The Rush Tower has 40 negative pressure rooms, among the highest in Chicago. These assets are critical because it means that when the door to the room opens air from the hall moves into the room, not from the room to the hall, keeping infectious air particles in the room.

The Rush Emergency Department is divided into three 20-bed units — each of which can be isolated with separate air handling. Every ED bed is in its own room with a door, not a curtain, that further isolates each and every patient.
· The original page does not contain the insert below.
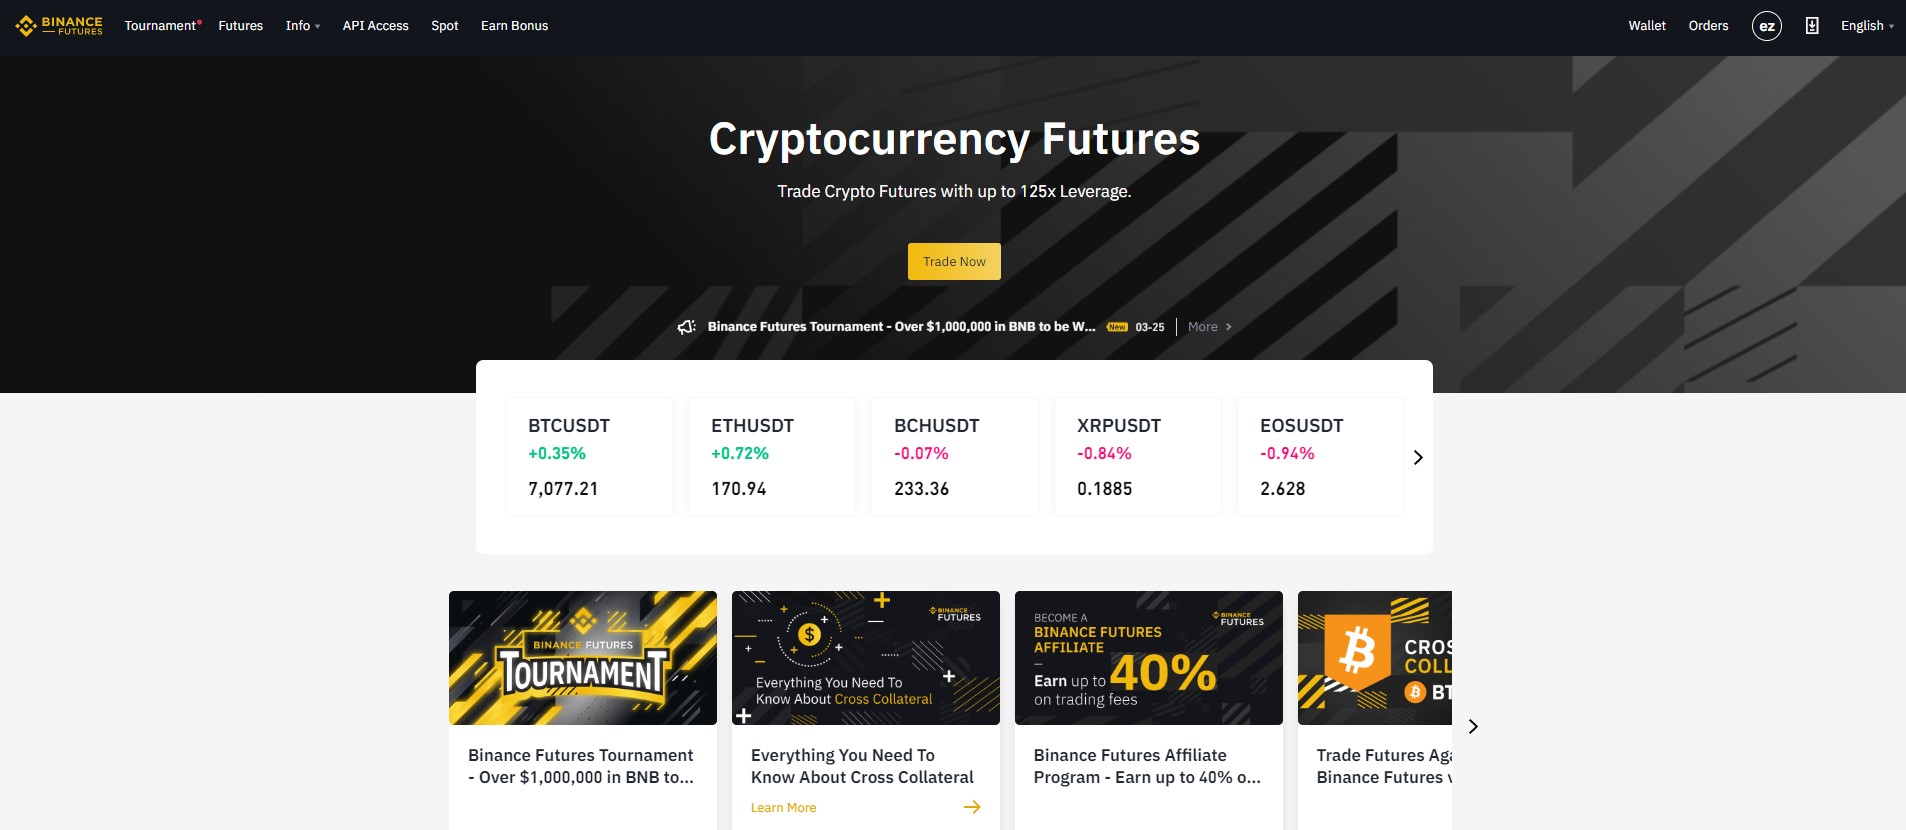 Binance Review (2020) - Should You Use It?

The emergency department's ambulance bay was transformed into a COVID-19 triage area.

The Emergency Department has an entry bay for ambulances that was converted into a forward triage area in early March 2020. The area also included a controlled entry point with a separate route into the hospital and negative airflow – all to ensure non-coronavirus related patients never come into to contact with a COVID-19 patient or any related contamination.

Within two hours, we can convert a wing of hospital into a negative pressure ward to accommodate more patients.

Because of this unique approach to design, construction and staff, Rush quickly became a critical community resource in the fight against COVID-19. We were able to not only care for the COVID patients who came directly Rush, but also accept transfer patients from safety net hospitals across the region who were not equipped to provide care for severe cases of COVID.

Our preparedness for this type of public health crisis quickly positioned us as leaders – both nationally and internationally – in infectious disease readiness.